Chen Junheng, Han Fangfang, He Mingxiu, Shi Yiyang, Cai Yongming
School of Medical Information and Engineering, Guangdong Pharmaceutical University, Guangzhou, 510006, China.
NMPA Key Laboratory for Technology Research and Evaluation of Pharmacovigilance, Guangzhou, 510006, China.
BMC Bioinformatics. 2025 Feb 17;26(1):54. doi: 10.1186/s12859-025-06053-z.
Adverse drug reactions (ADRs) are among the global public health events that seriously endanger human life and cause high economic burdens. Therefore, predicting the possibility of their occurrence and taking early and effective response measures is of great significance. Constructing a correlation matrix between drugs and their adverse reactions, followed by effective correlation data mining, is one of the current strategies to predict ADRs using accessible public data. Since the number of known ADRs in real-world data is far less than the number of their unknown counterparts, the drug-ADR association matrix is very sparse, which greatly affects the classification performance of machine learning methods. To effectively address the problem of sparsity, we proposed a novel weighted pseudo-labeling framework that mines potential unknown drug-ADR pairs by integrating multiple weighted matrix factorization (MF) models and treating them as pseudo-labeled drug-ADR pairs. Pseudo-labeled data is added to the training set, and the MF model is fine-tuned to improve the classification performance. To prevent overfitting to easily found pseudo-labels and improve the quality of pseudo-labels, a novel weighting approach for pseudo-labels was adopted. This paper reproduces the baselines under the same experimental conditions to evaluate the performance of the proposed method on sparse data from the Side Effect Resource (SIDER) database. Experimental results showed that our method outperformed other baselines in the Area Under Precision-Recall and F1-scores and still maintained the best performance in sparser scenarios. Furthermore, we conducted a case study, and the results showed that our proposed framework efficiently predicted ADRs in the real world.
药物不良反应(ADR)是严重危及人类生命并造成高额经济负担的全球公共卫生事件之一。
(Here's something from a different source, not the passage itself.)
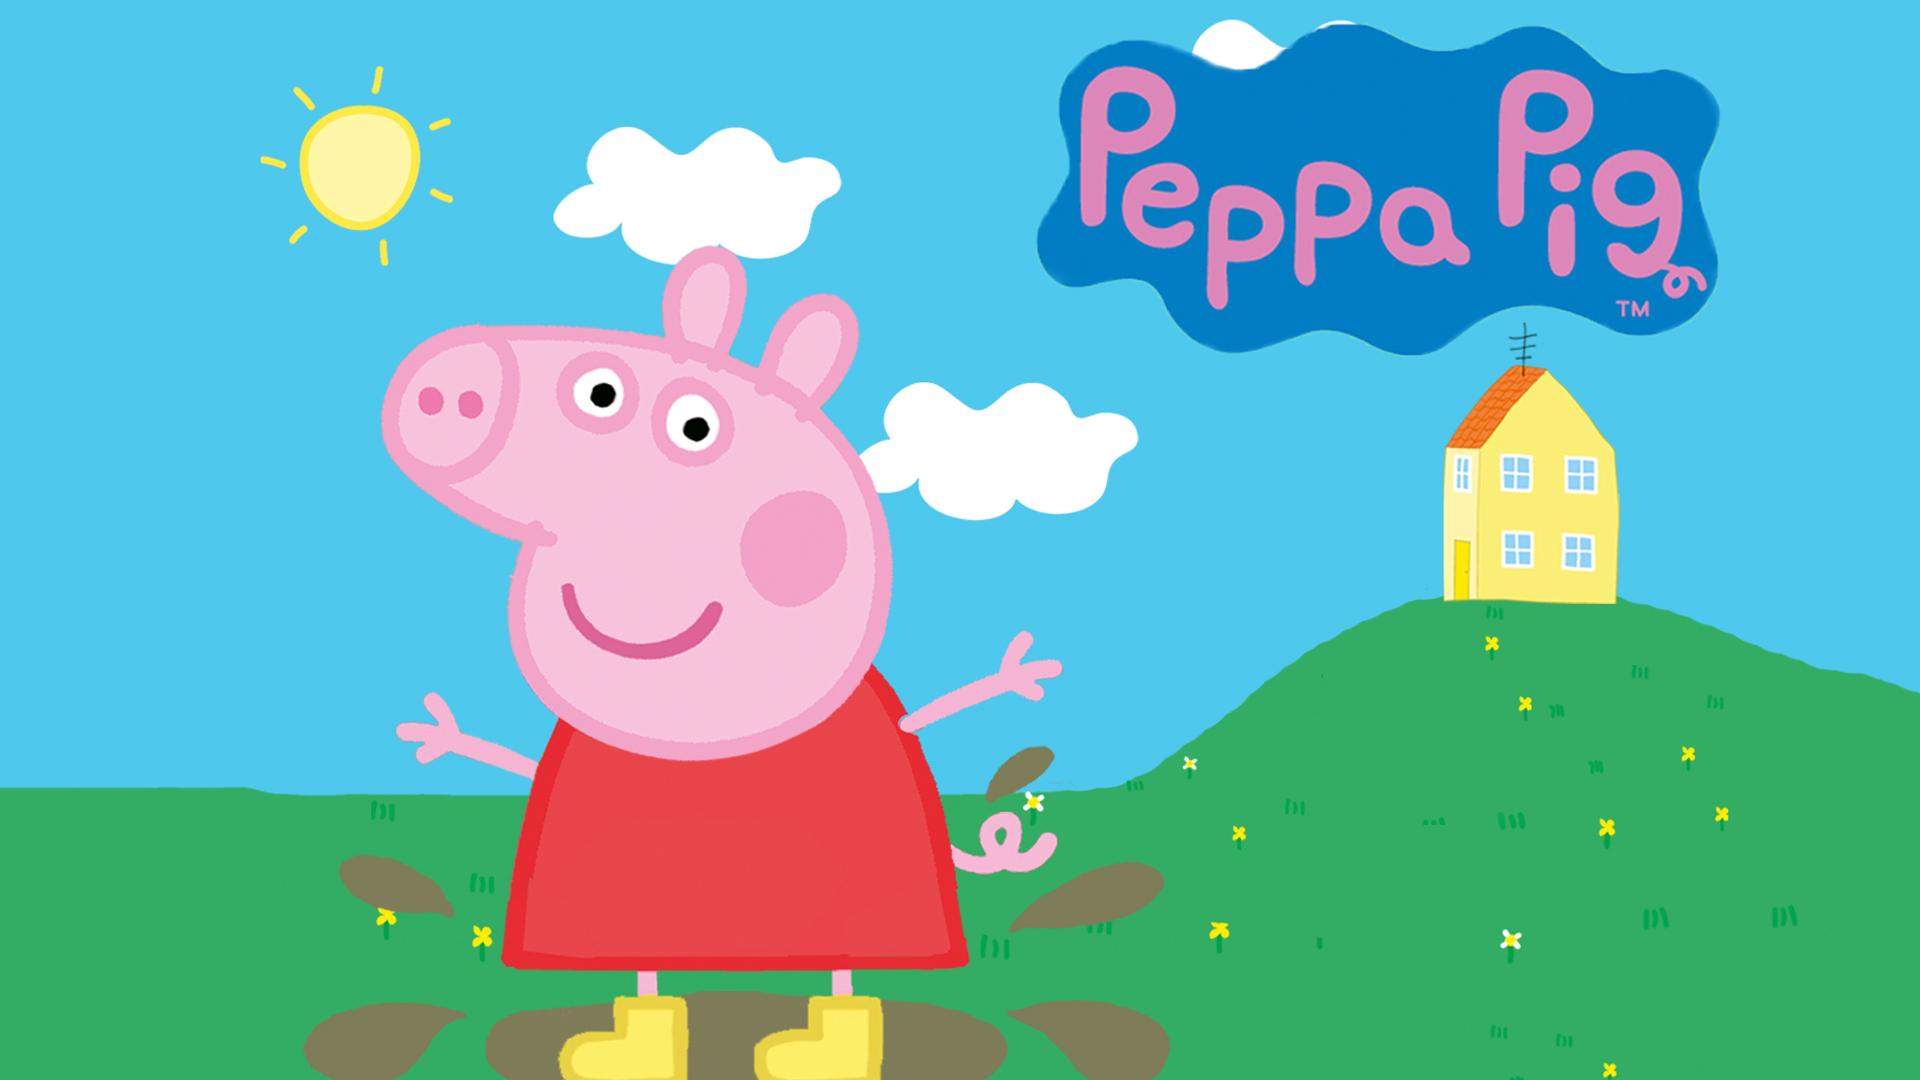 Peppa Pig Volume 1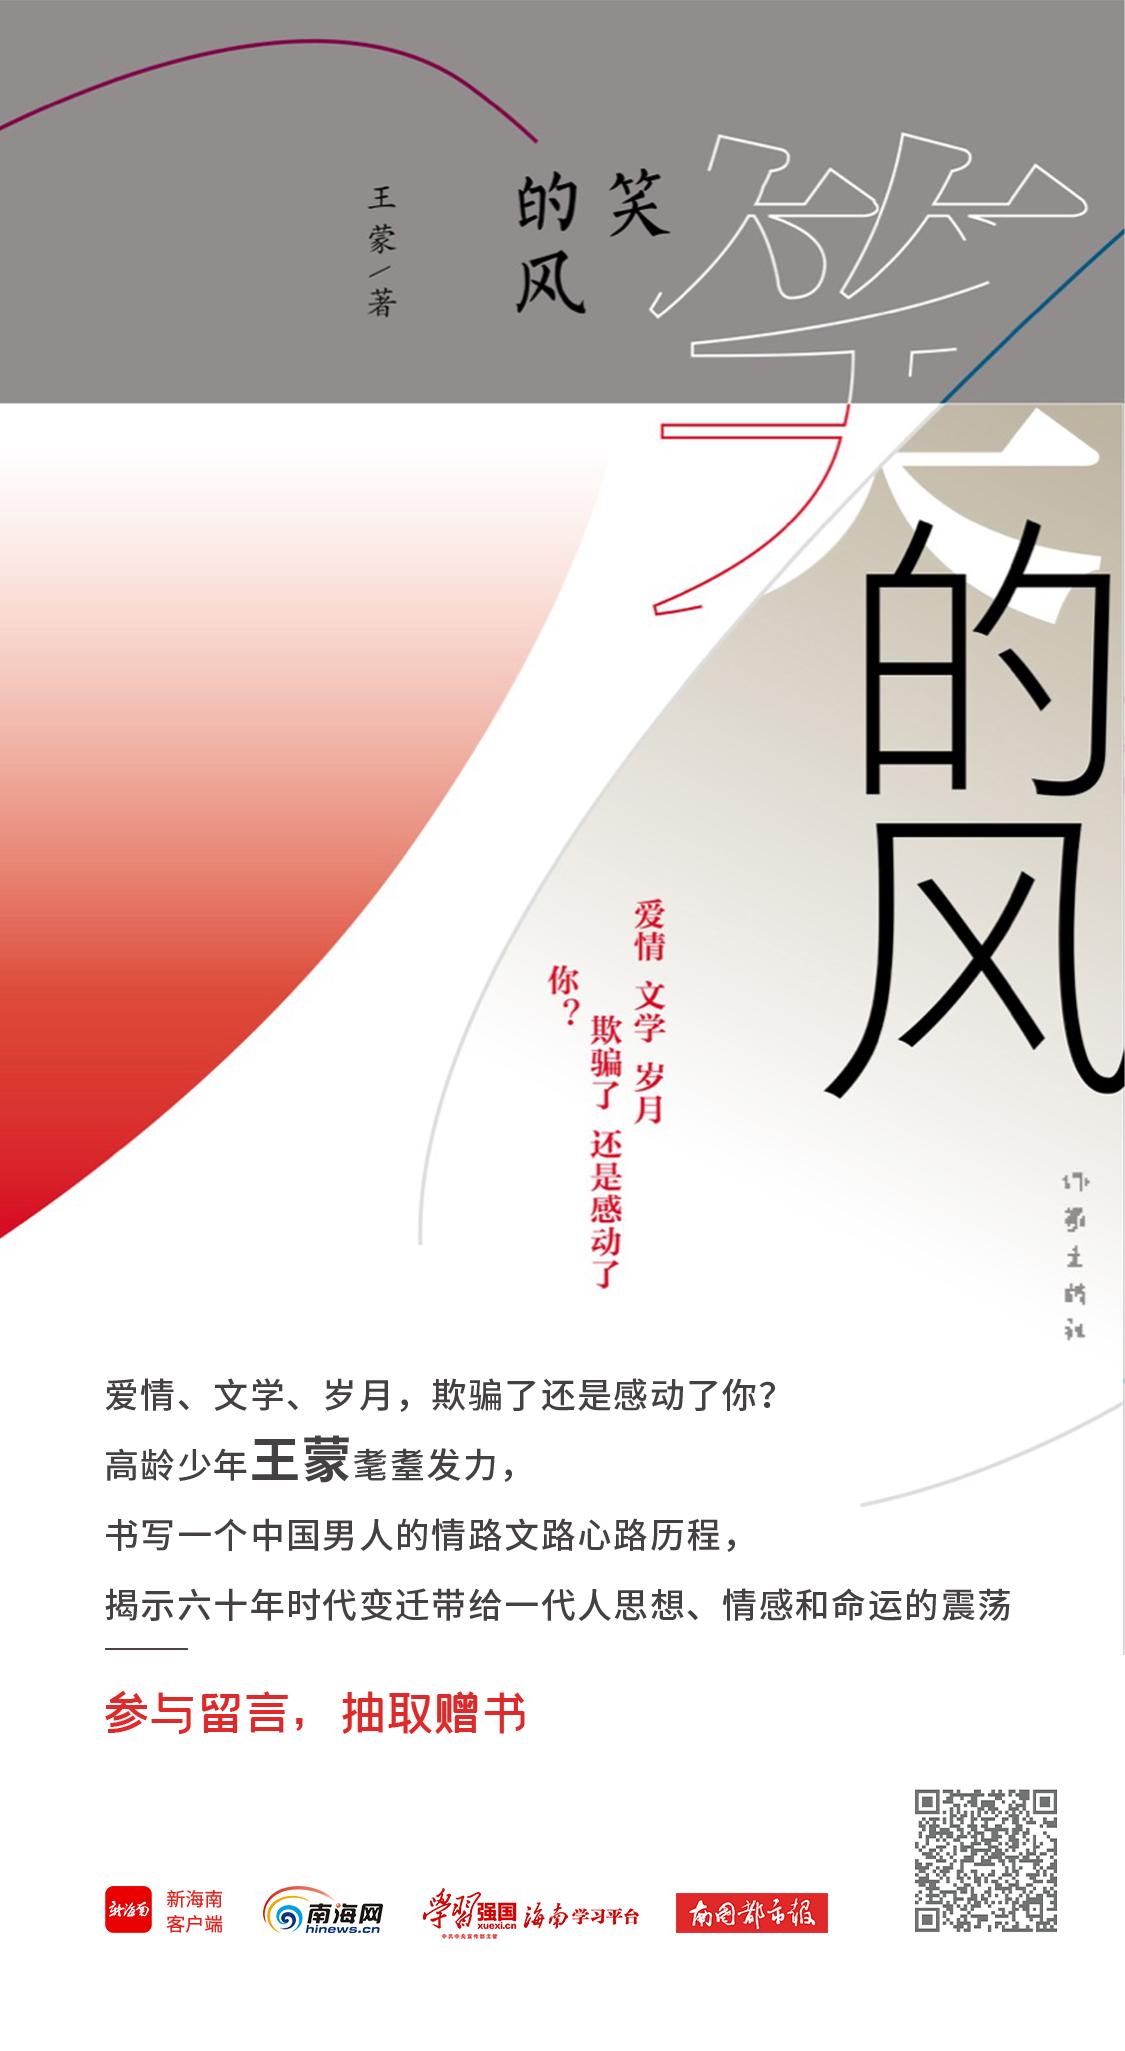 """好书锦鲤!新海南文化频道""""双节""""好书派送啦!"""

因此,预测其发生的可能性并采取早期有效的应对措施具有重要意义。构建药物与其不良反应之间的相关矩阵,随后进行有效的相关数据挖掘,是利用可获取的公共数据预测ADR的当前策略之一。由于现实世界数据中已知ADR的数量远少于未知ADR的数量,药物 - ADR关联矩阵非常稀疏,这极大地影响了机器学习方法的分类性能。为了有效解决稀疏性问题,我们提出了一种新颖的加权伪标签框架,该框架通过整合多个加权矩阵分解(MF)模型来挖掘潜在的未知药物 - ADR对,并将它们视为伪标签药物 - ADR对。将伪标签数据添加到训练集中,并对MF模型进行微调以提高分类性能。为了防止过度拟合容易找到的伪标签并提高伪标签的质量,采用了一种新颖的伪标签加权方法。本文在相同实验条件下重现了基线,以评估所提出方法对来自副作用资源(SIDER)数据库的稀疏数据的性能。实验结果表明,我们的方法在精确召回率和F1分数的曲线下面积方面优于其他基线,并且在更稀疏的场景中仍保持最佳性能。此外,我们进行了案例研究,结果表明我们提出的框架在现实世界中有效地预测了ADR。